## RECORDS SHOWN
-- Opening Marker --

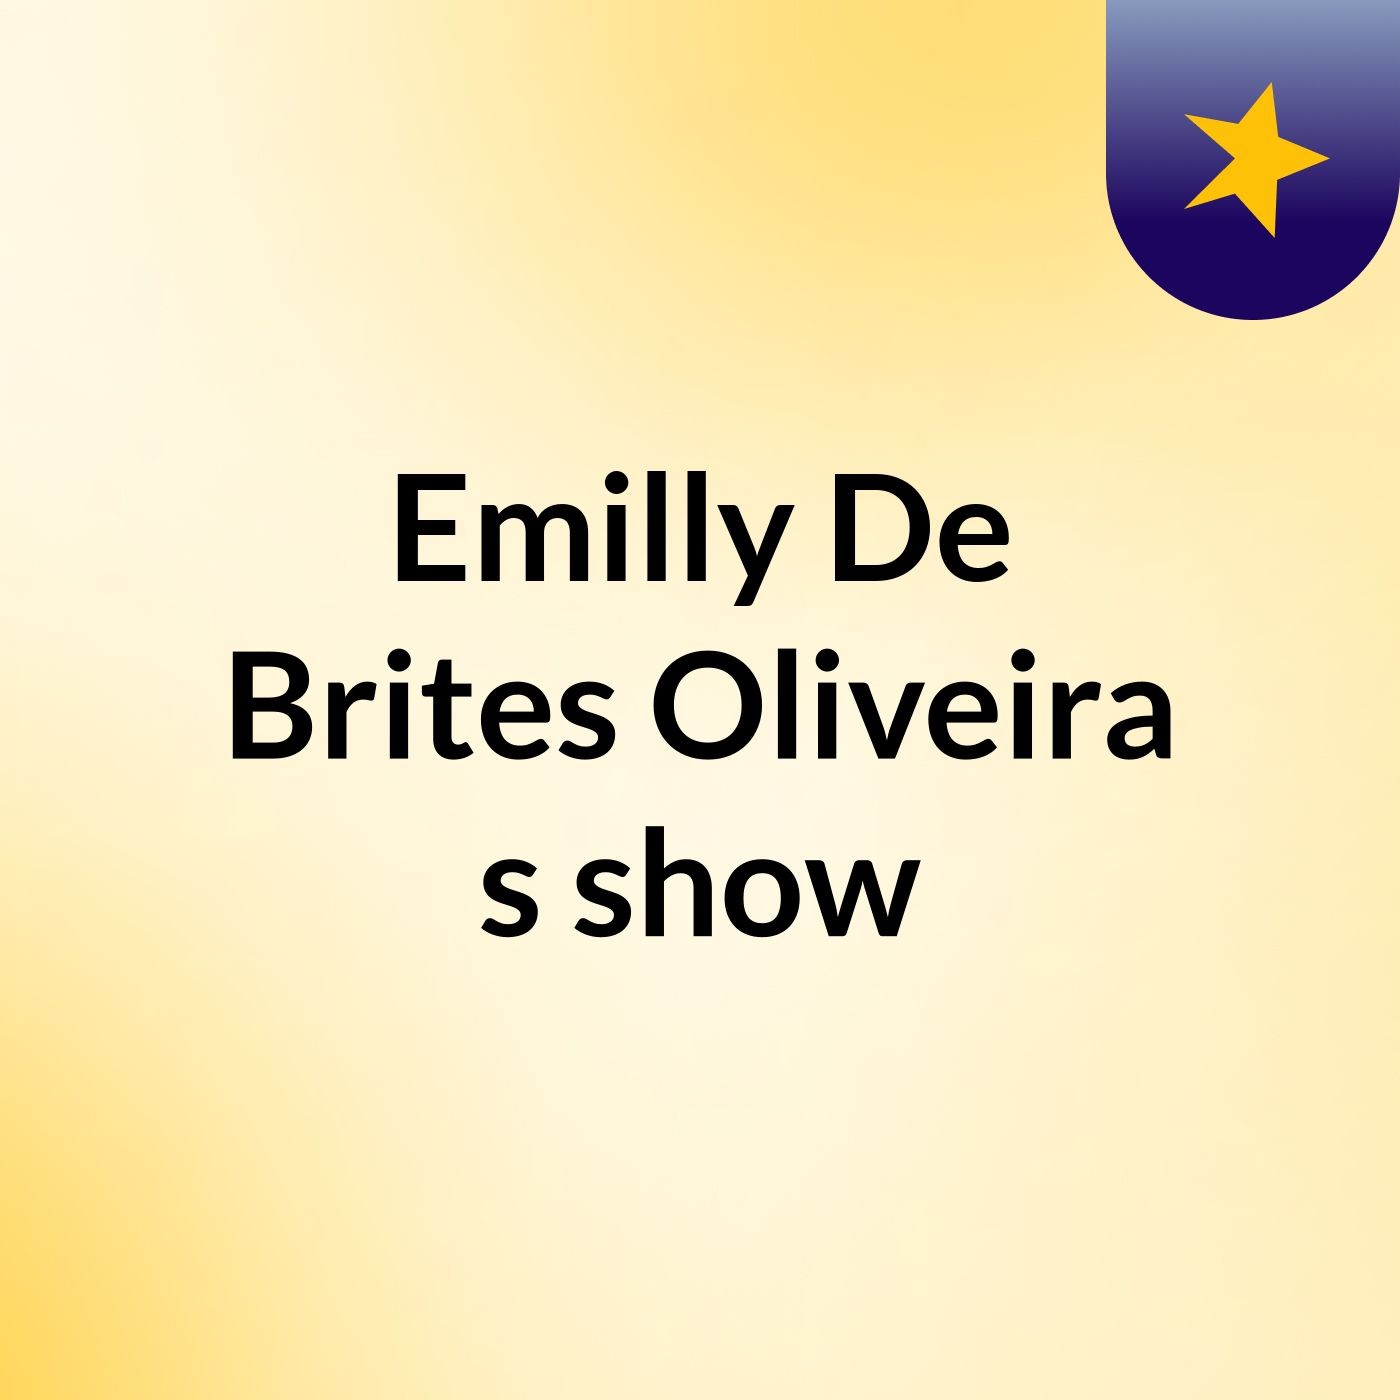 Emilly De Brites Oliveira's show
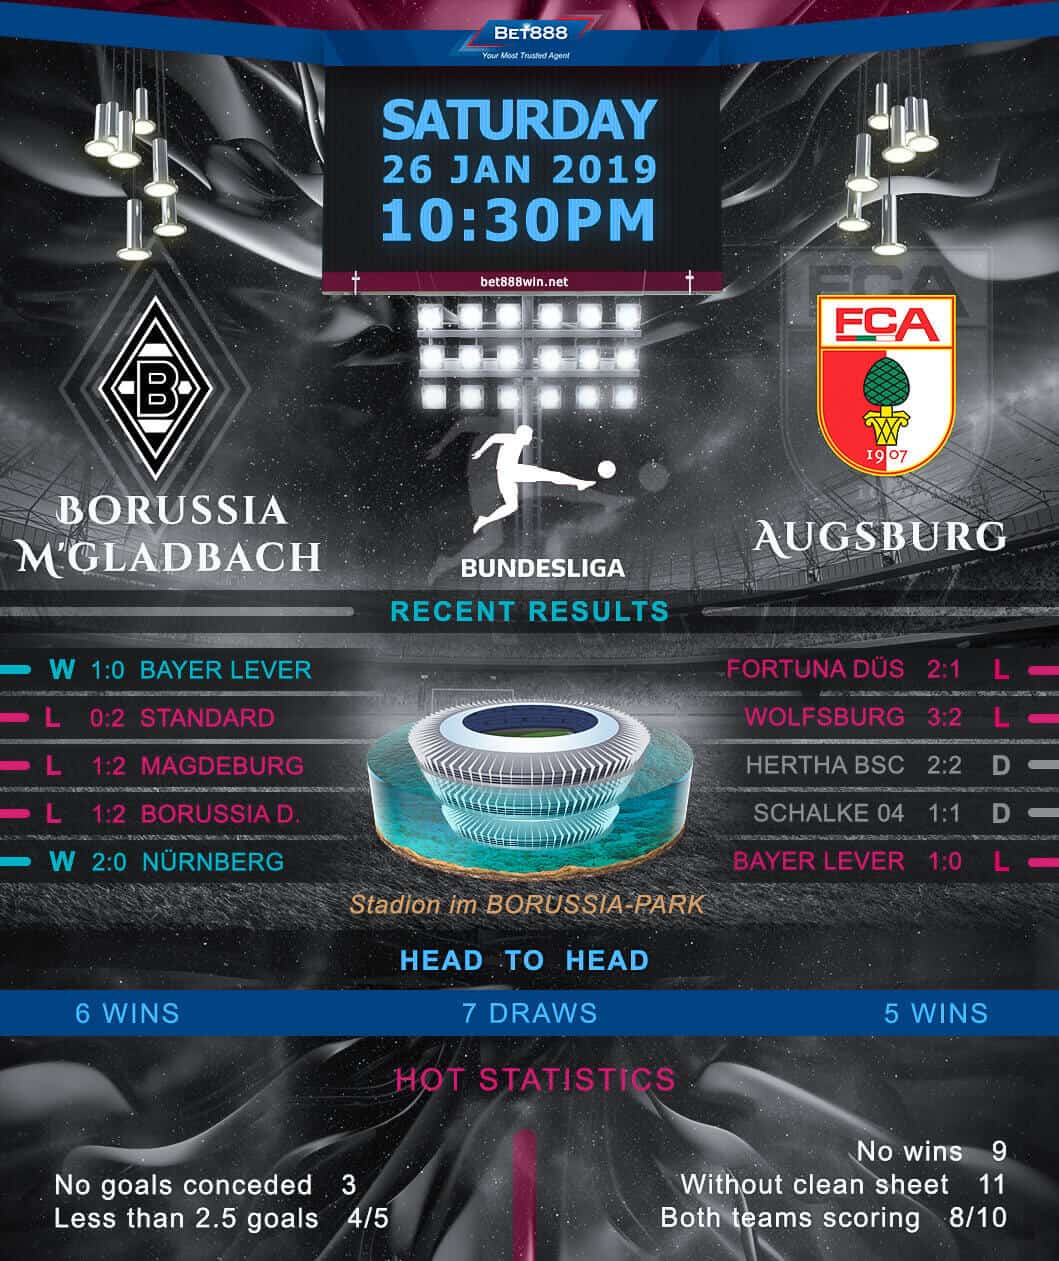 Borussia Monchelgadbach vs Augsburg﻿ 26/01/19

-- Closing Marker --
-- Opening Marker --

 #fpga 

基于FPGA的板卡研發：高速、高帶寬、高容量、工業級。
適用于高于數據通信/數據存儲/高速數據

-- Closing Marker --

## WORK ORDER
What you write must match the listing exactly, from the line with "Emilly De Brites Oliveira's show" up to and including the line with "Borussia Monchelgadbach vs". Pictures stay out.

## RESPONSE FOR THIS EXERCISE
 Emilly De Brites Oliveira's show
 Borussia Monchelgadbach vs Augsburg﻿ 26/01/19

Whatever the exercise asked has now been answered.